Whenever November appears
on the calendar’s march of months, it surfaces memories of family loss as well
as the faithfulness of our Heavenly Father. At this time I would like to share
a short personal experience piece I wrote shortly after my father’s death in
2008. May you be blessed!
Never Alone
As I
stood before the gravesite of my parents, I stared upon the arrangement of red
and pink roses, yellow carnations, and miniature daisies. Today, November 19, would have been
their 69th wedding anniversary. Instead, it was one month after my
dad’s passing. My mother had died the year of their 65th, and
ironically, we held her memorial celebration on their anniversary day. Dad
thought she would have approved of our choice.

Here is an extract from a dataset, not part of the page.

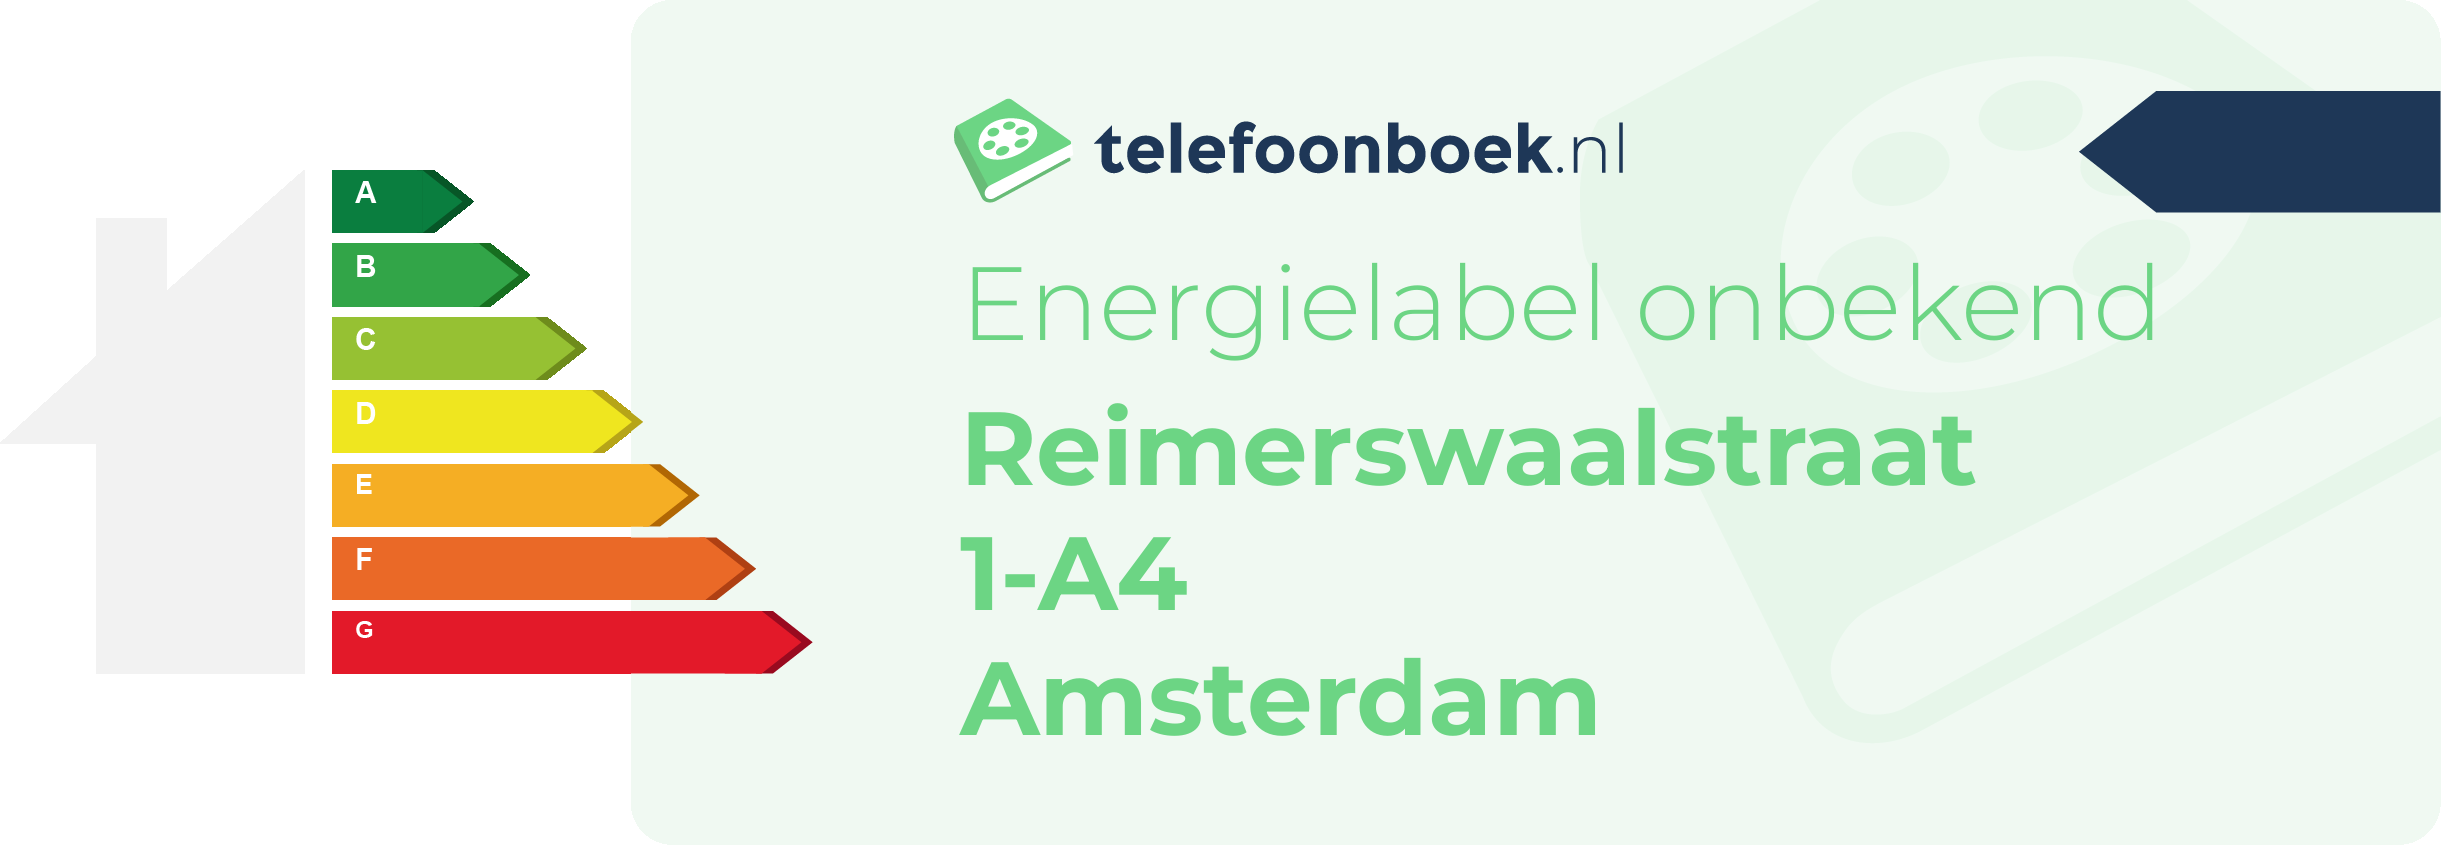 Energielabel Reimerswaalstraat 1-A4 Amsterdam

I glanced up and down the row of head stones where my
father’s family was buried. From his seven siblings, only one of his brothers and one of his sisters
remained. Slowly, his generation was leaving us, leaving me. I turned to go
when an overwhelming sense of loneliness unexpectedly struck me.
Throughout my life, family had always played a major
part in the close-knit, rural environment where I was raised. Since some family
member was always within driving distance, many weekends or Sunday afternoons
were spent eating, visiting, playing baseball or whatever sport was in season,
and of course, playing cards. Many fond memories of family and fun were engraved into my mind like drawings with permanent markers on a sketch pad. Now,
with the loss of my parents and other close relatives, memories became
irreplaceable paintings.
Slowly, with tears filling my eyes, I walked to my
car. I got in but I couldn’t start it. I felt so alone, so abandoned. Even
though I had my own family, a husband, four grown children and four
grandchildren, I felt empty. Why was I
feeling this way? I thought. Was it
part of the grieving process?
When Mom had died, I remembered grieving. I missed her
immensely, but I still had Dad. In fact, we drew upon each other’s love,
strength, and security to get us through the change taking place. Perhaps that
was it. With Dad’s passing I no longer had a father or a mother. I was an
orphan.
Before returning to my own home a hundred miles away,
I decided to drive by my parents’ home that had been sold when Dad entered the
nursing home. I passed by their house of
60 years or more and stopped at the curb for reflection. “Heavenly, Father,” I prayed. “What’s wrong
with me? I know my parents are with You. Their faith and trust in Your Son,
Jesus, were clearly shown to me over and over again. And, I, too, know Your Son
as my Savior, but Father, I feel so alone. Please help me!” I cried.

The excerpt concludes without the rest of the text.